■ Your task: From the first line to the last, copy the listing exactly and omit the pictures.

■ Information shown:
-- -- --

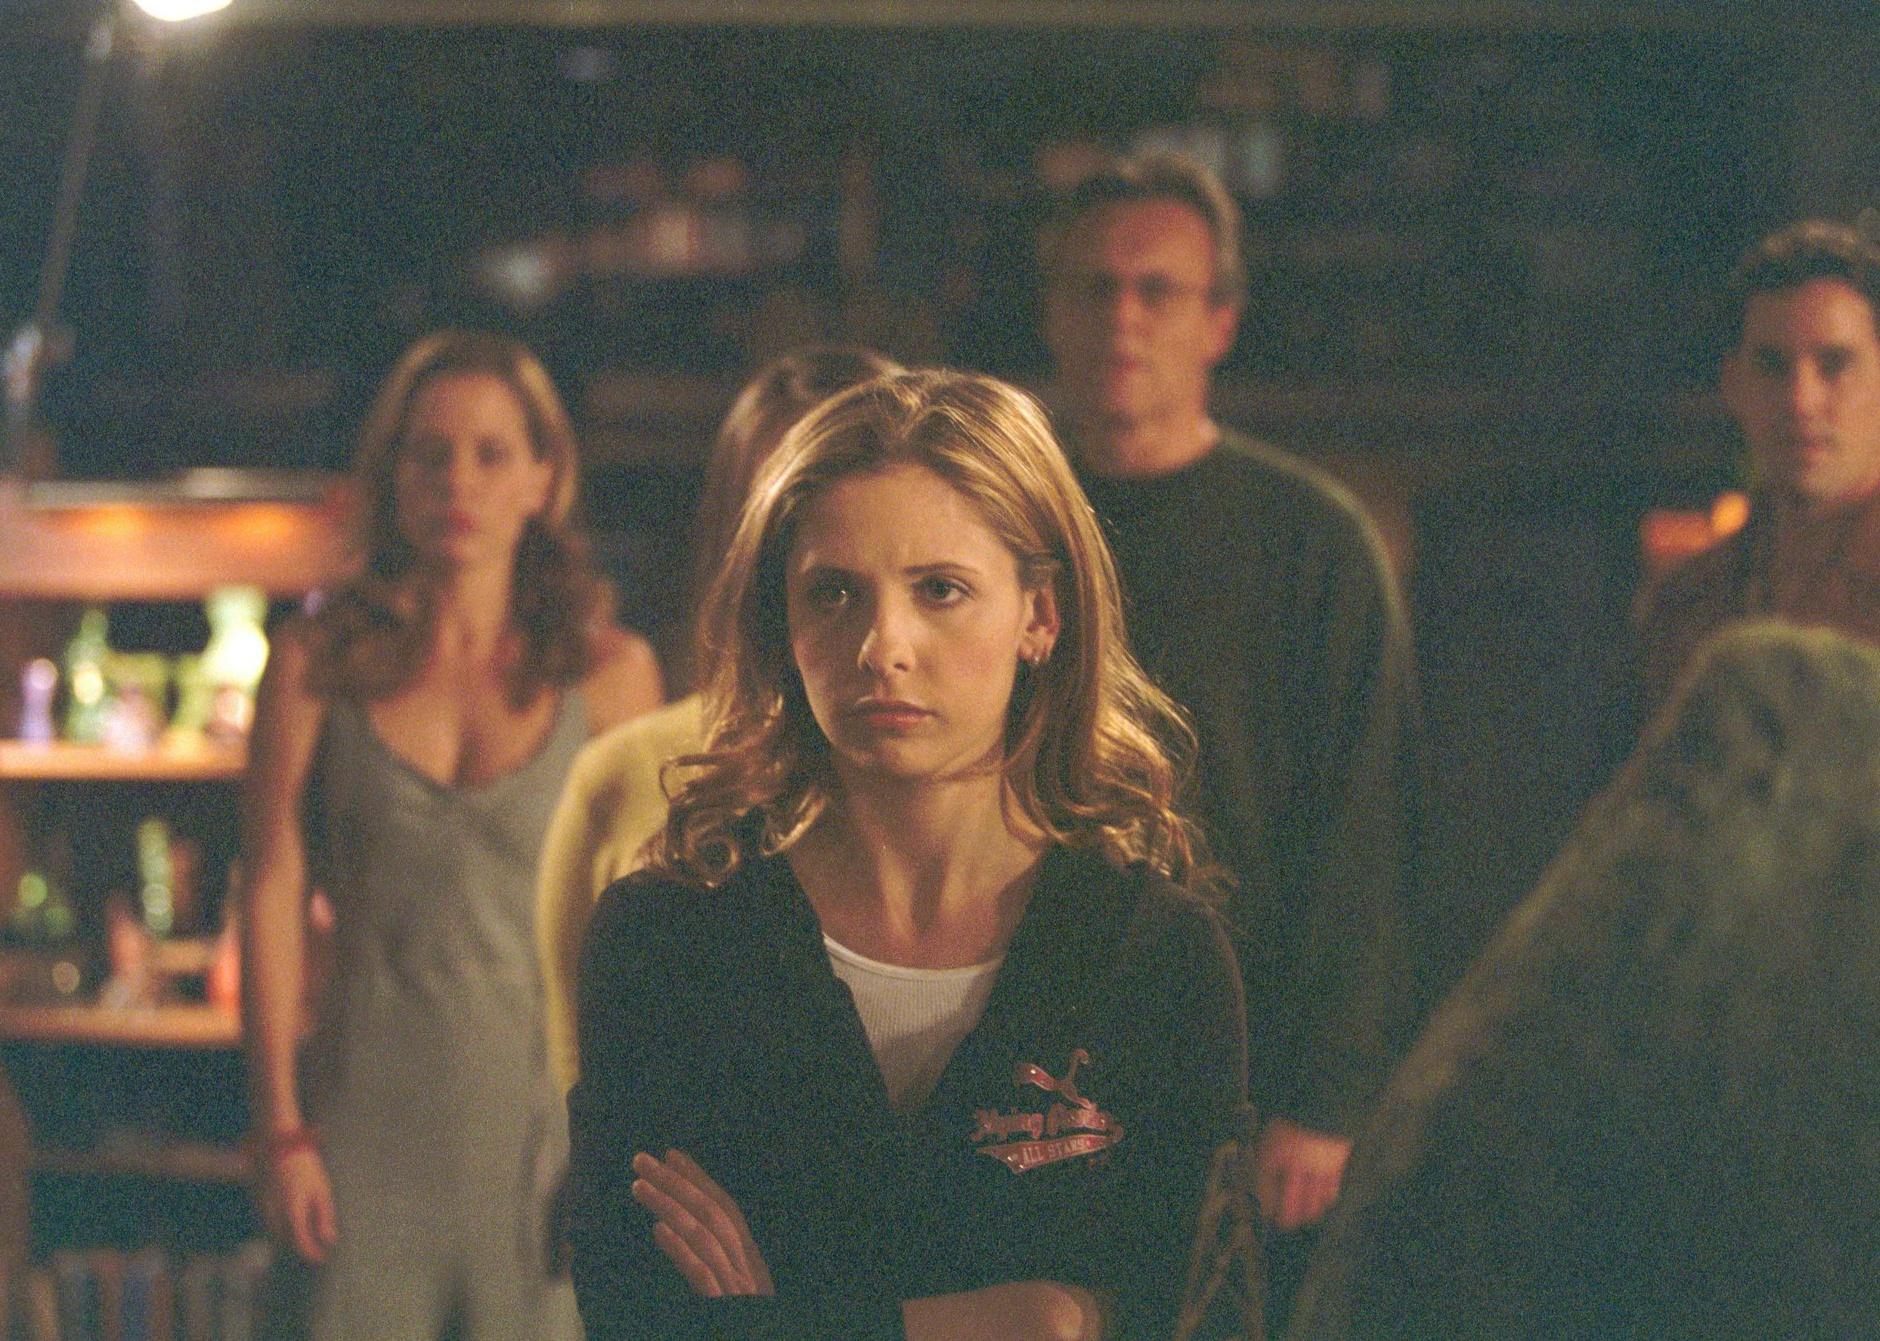 Sarah Michelle Gellar standing with arms crossed in front of a group of people.
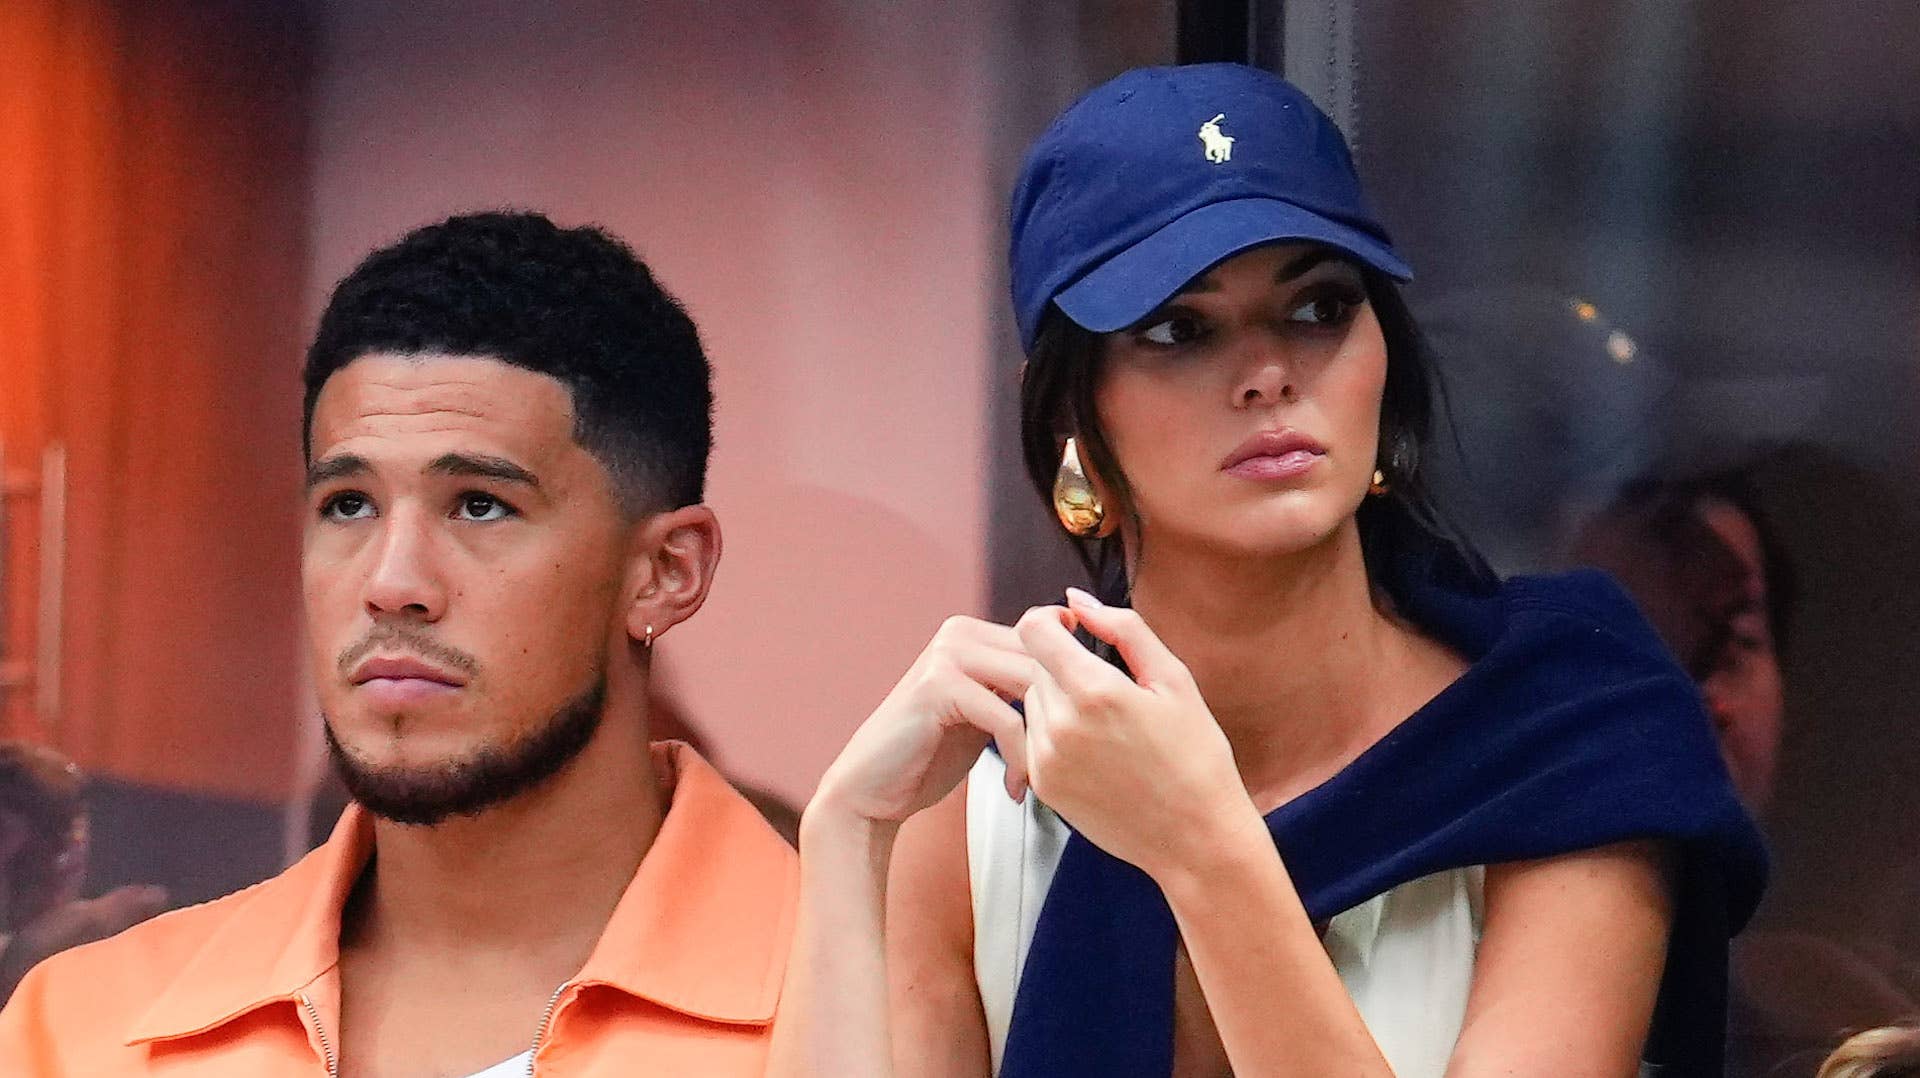 Devin Booker Spotted In Kendall Jenner’s Super Bowl Suite
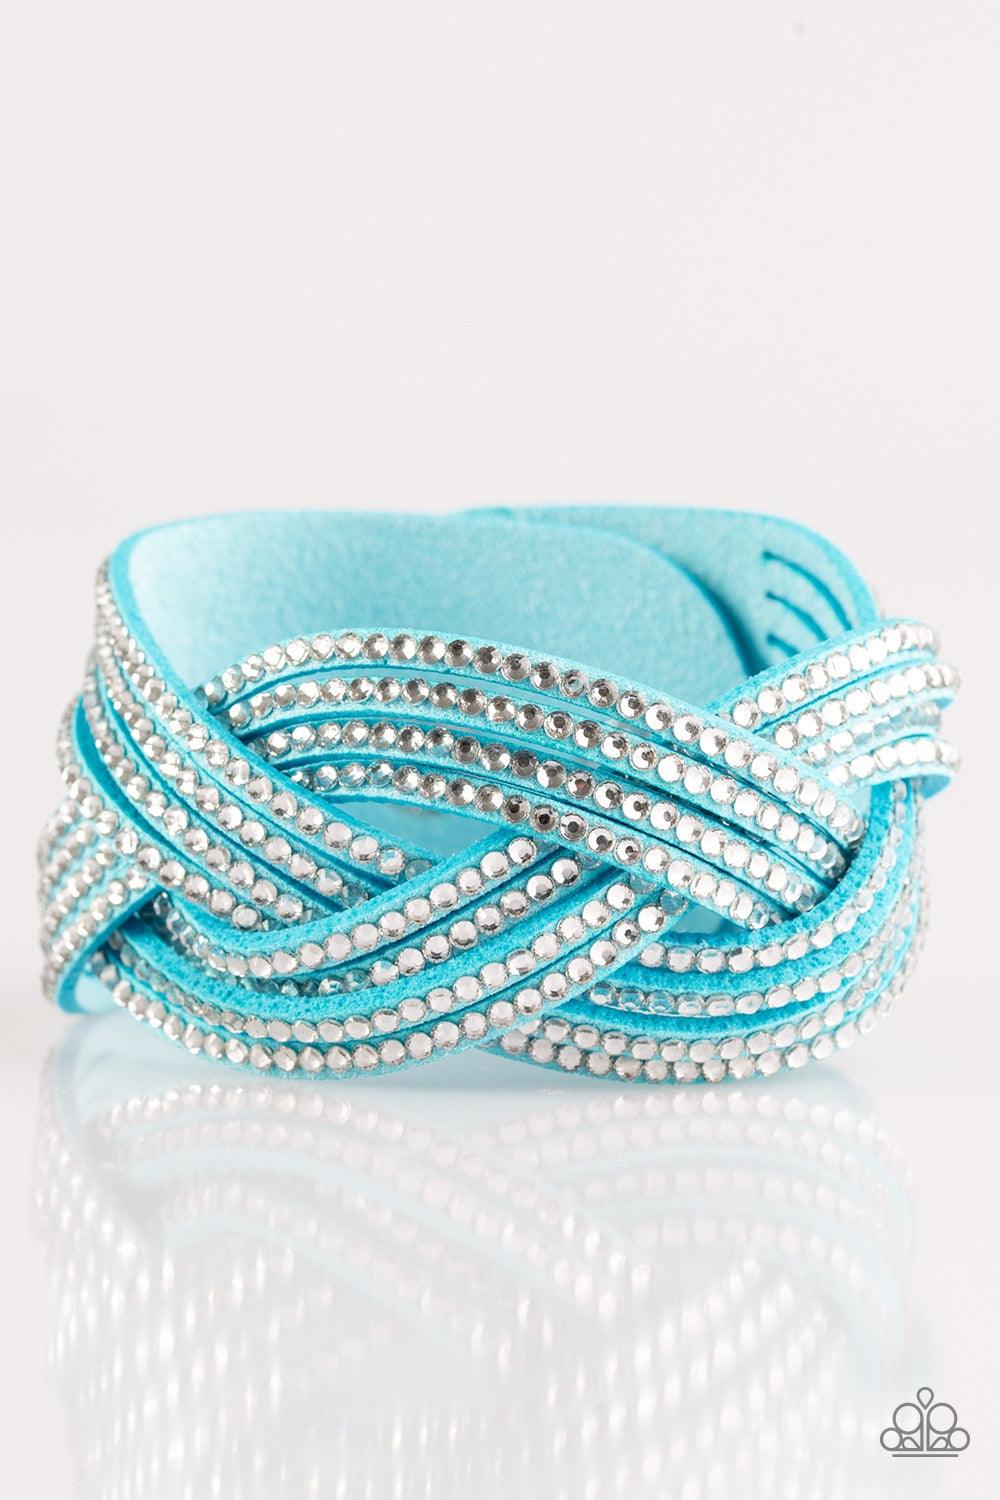 Paparazzi Accessories Big City Shimmer - Blue Glassy white rhinestones are encrusted along crisscrossing strands of blue suede, creating bold shimmer around the wrist. Features an adjustable snap closure. Jewelry

-- -- --

■ Your response:
 Sarah Michelle Gellar standing with arms crossed in front of a group of people.
 Devin Booker Spotted In Kendall Jenner’s Super Bowl Suite
 Paparazzi Accessories Big City Shimmer - Blue Glassy white rhinestones are encrusted along crisscrossing strands of blue suede, creating bold shimmer around the wrist. Features an adjustable snap closure. Jewelry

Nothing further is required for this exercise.